### AIM OF THE TASK
Please produce a character-exact copy of the listing that follows, omitting all images.

──────── INFORMATION SHOWN ────────

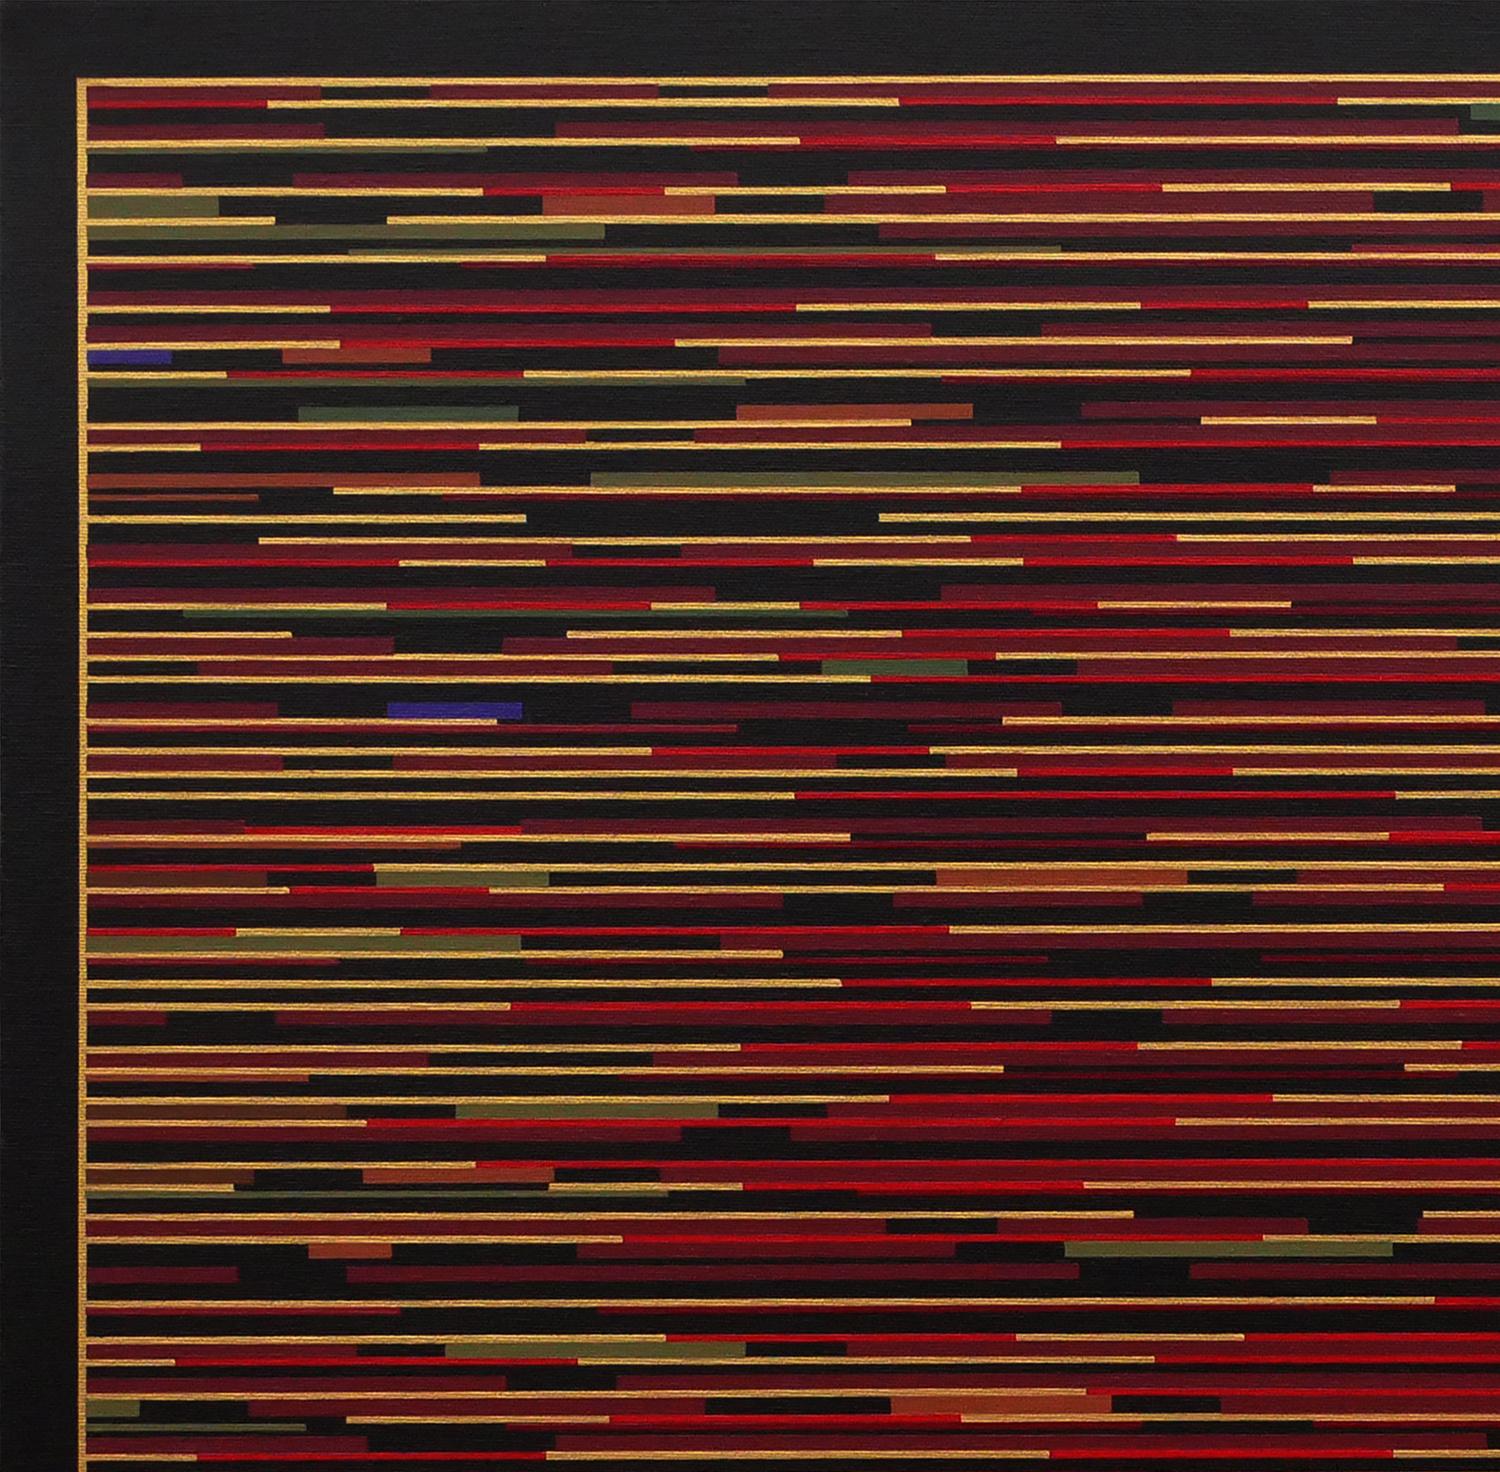 Contemporary abstract geometric painting by artist Mark Byckowski. The work is featured in a series of paintings. The work features horizontal lines with a variety of vivid colors of red, yellow, and some purple against a black background. Each work
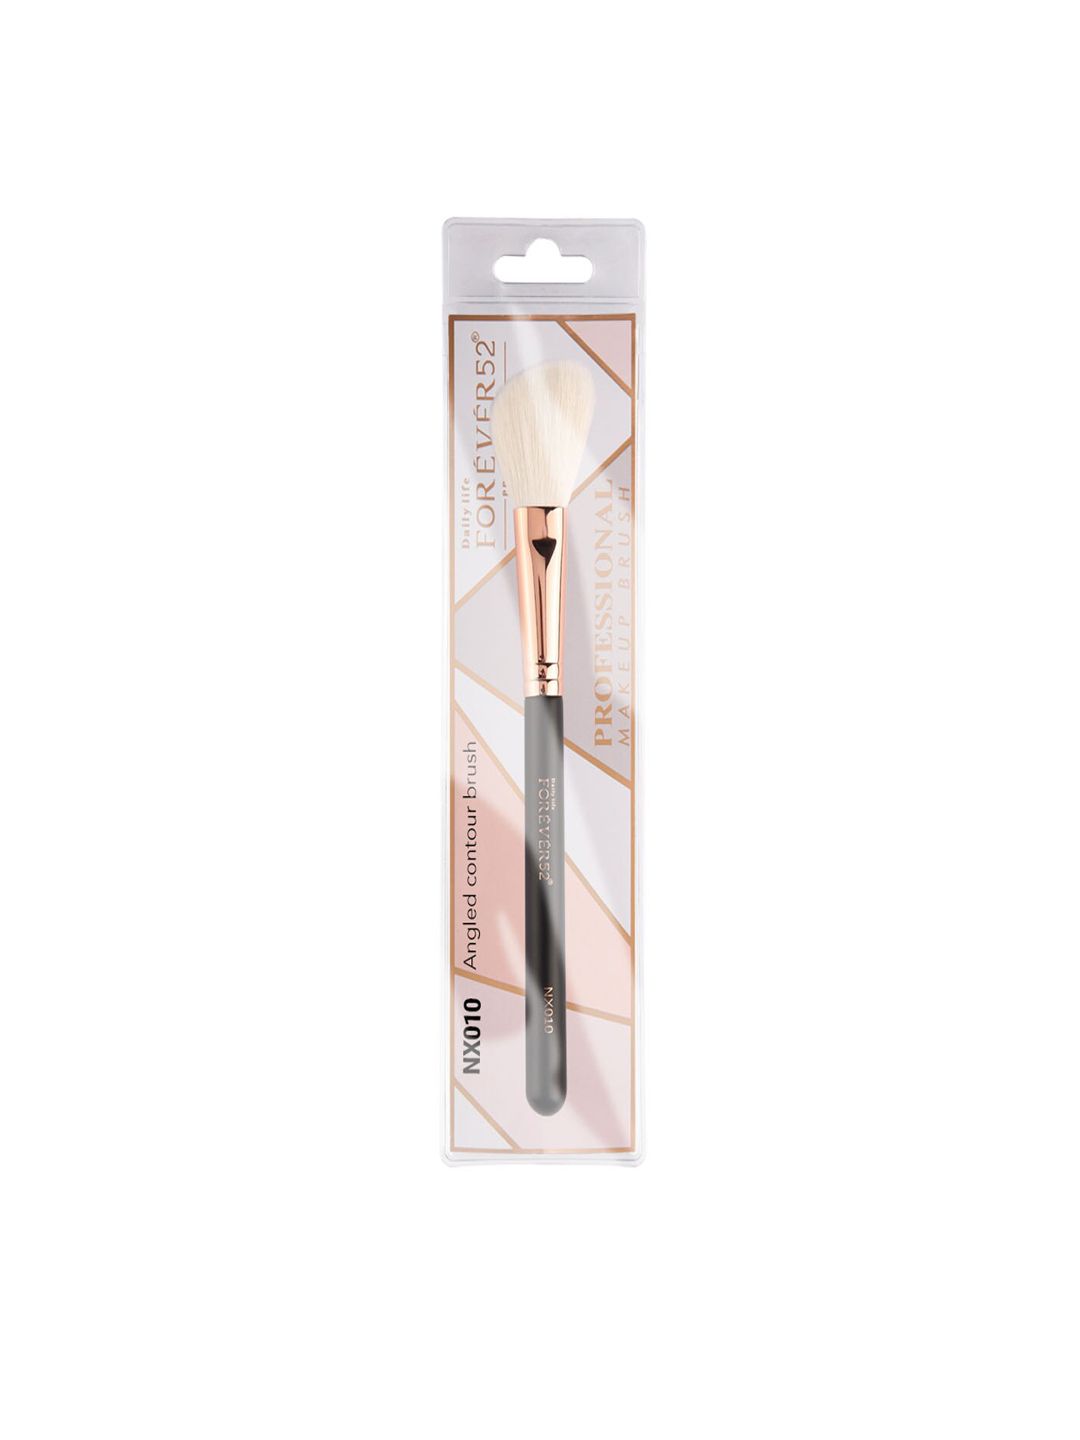 Daily Life Forever52 Angled Contour brush NX010 Price in India
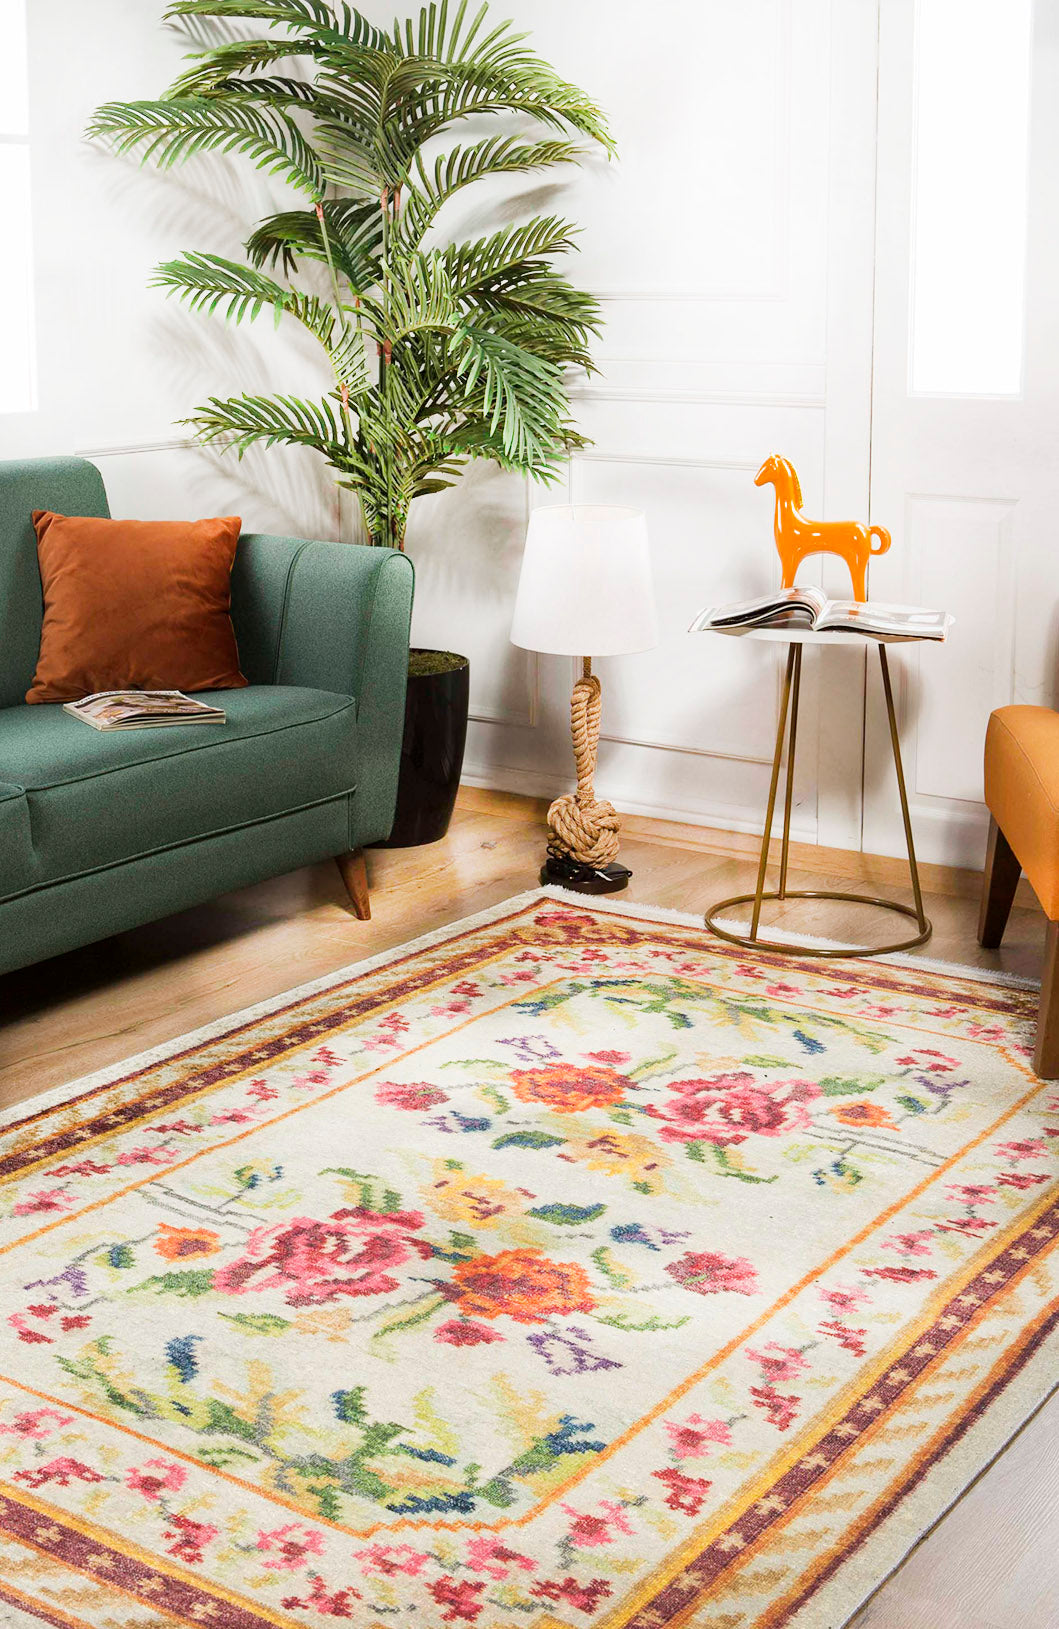 Washable Floral Rugs &Runners

────────

### ANSWER FOR THE TASK
 Contemporary abstract geometric painting by artist Mark Byckowski. The work is featured in a series of paintings. The work features horizontal lines with a variety of vivid colors of red, yellow, and some purple against a black background. Each work
 Daily Life Forever52 Angled Contour brush NX010 Price in India
 Washable Floral Rugs &Runners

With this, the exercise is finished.